2) Roll center/vertical CG value. Lower is better, esp rear roll center. The rear roll picks up the inside front tire, slowing the car,adding to outside load,see #1.

Subset, aero
3)Windshield angle; lower is better. IT rules have the same size wheels/tires airdam . The major value not moved is the glass angle. Big value with 100 -125hp, Huge impact in top gear. Huge impact in top gear**

4) sq/in of involvement; smaller car has less sq in, smaller window lets less air inside, resulting in less involvement.etc.
Smaller car makes smaller hole in air.

Powertrain; Eng,gears.; est HP /cc, lower factory value to cc leaves more room to build HP.
1) #/ cc.; acceleration estimator.
Valve area per CC, determines operating RPM range. cam timing etc.

2)gear box. determines time in torque range


The areas thatITAC should look at ; IMO

#per CC
Est HP per #
Throttle body size area/ to CC.
front weight
Aero sq in and windshield angle .
rear roll center/vertical CG


Based upon prior statements. The A 1 ,VWs should all weight the same, the Honda CRX and sedan should weigh the same .

Based on real world observation and 20yr.history, the VW were very close together with a 50# spread. The Civic/CRX is close with a 100# spread .
Why mess with success? that already existed? Move the cars weight together, keeping the spread. Logic should prevail. When real word observation has more value than an equation..

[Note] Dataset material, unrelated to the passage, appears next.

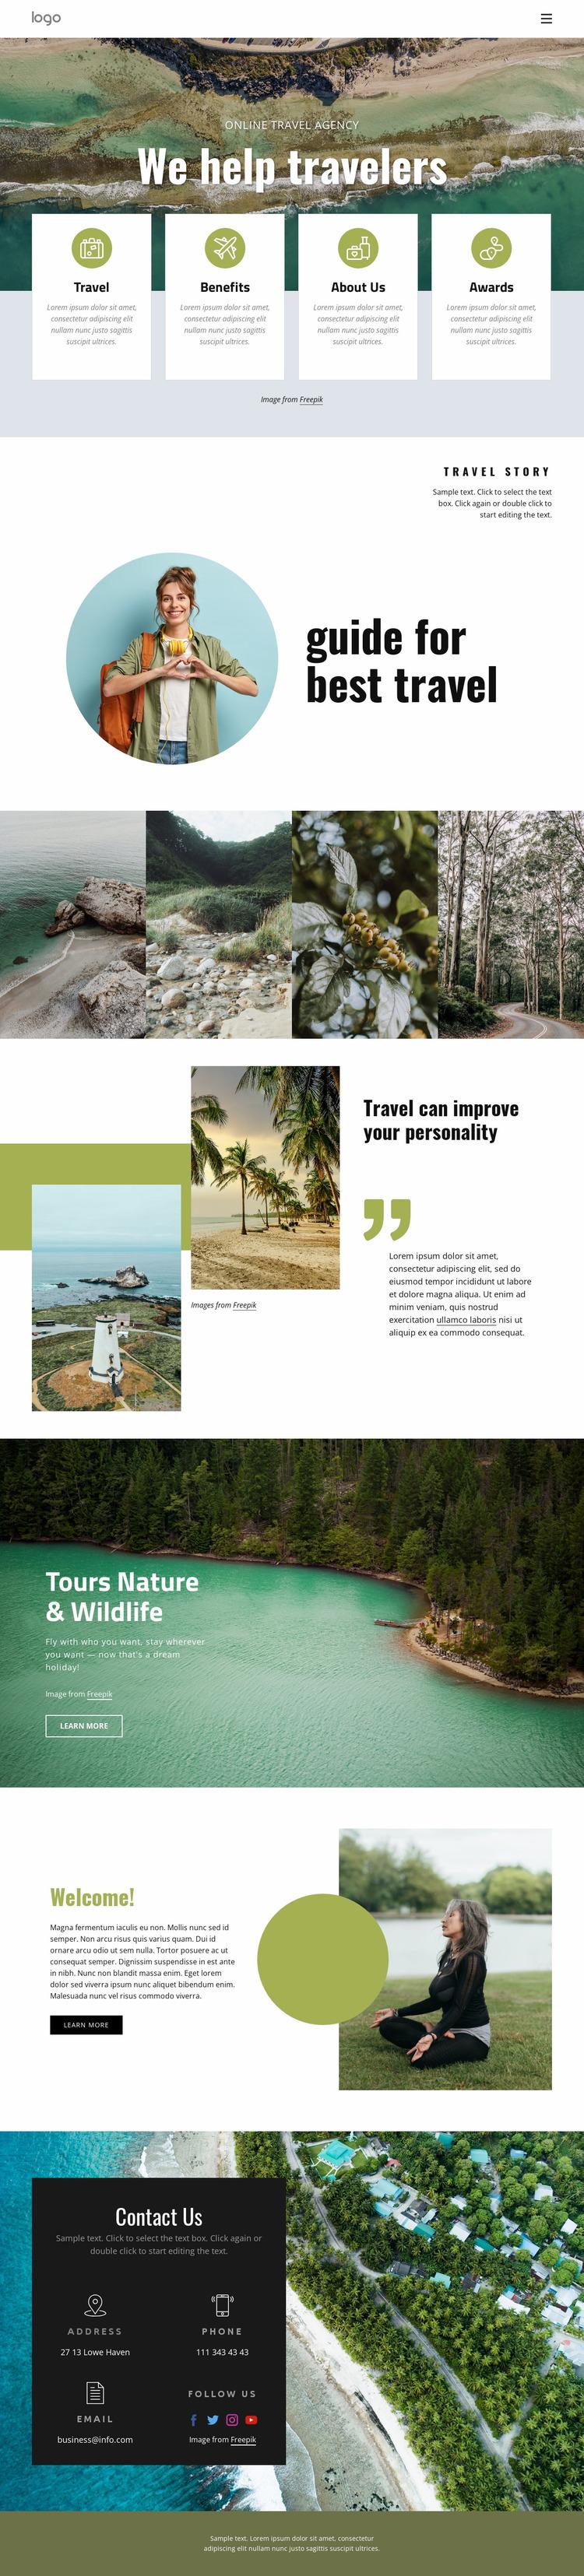 We help manage your trip Website Mockup

Its like the baseball coach messing with my kid that was hitting .435 .Those kids can do whatever theywant.

Again you guys can do whatever you want, but make improvements not back track.

I always say that either you are part of the solution or part of the problem. I would be happy to assist with aero estimations.
To do so you need a "zero car" target car. I use the Golf Mk 2 as I have 4or 5 and can get a decent repeatable value for it and the Jetta.
My Rocco has no front bumper at this point.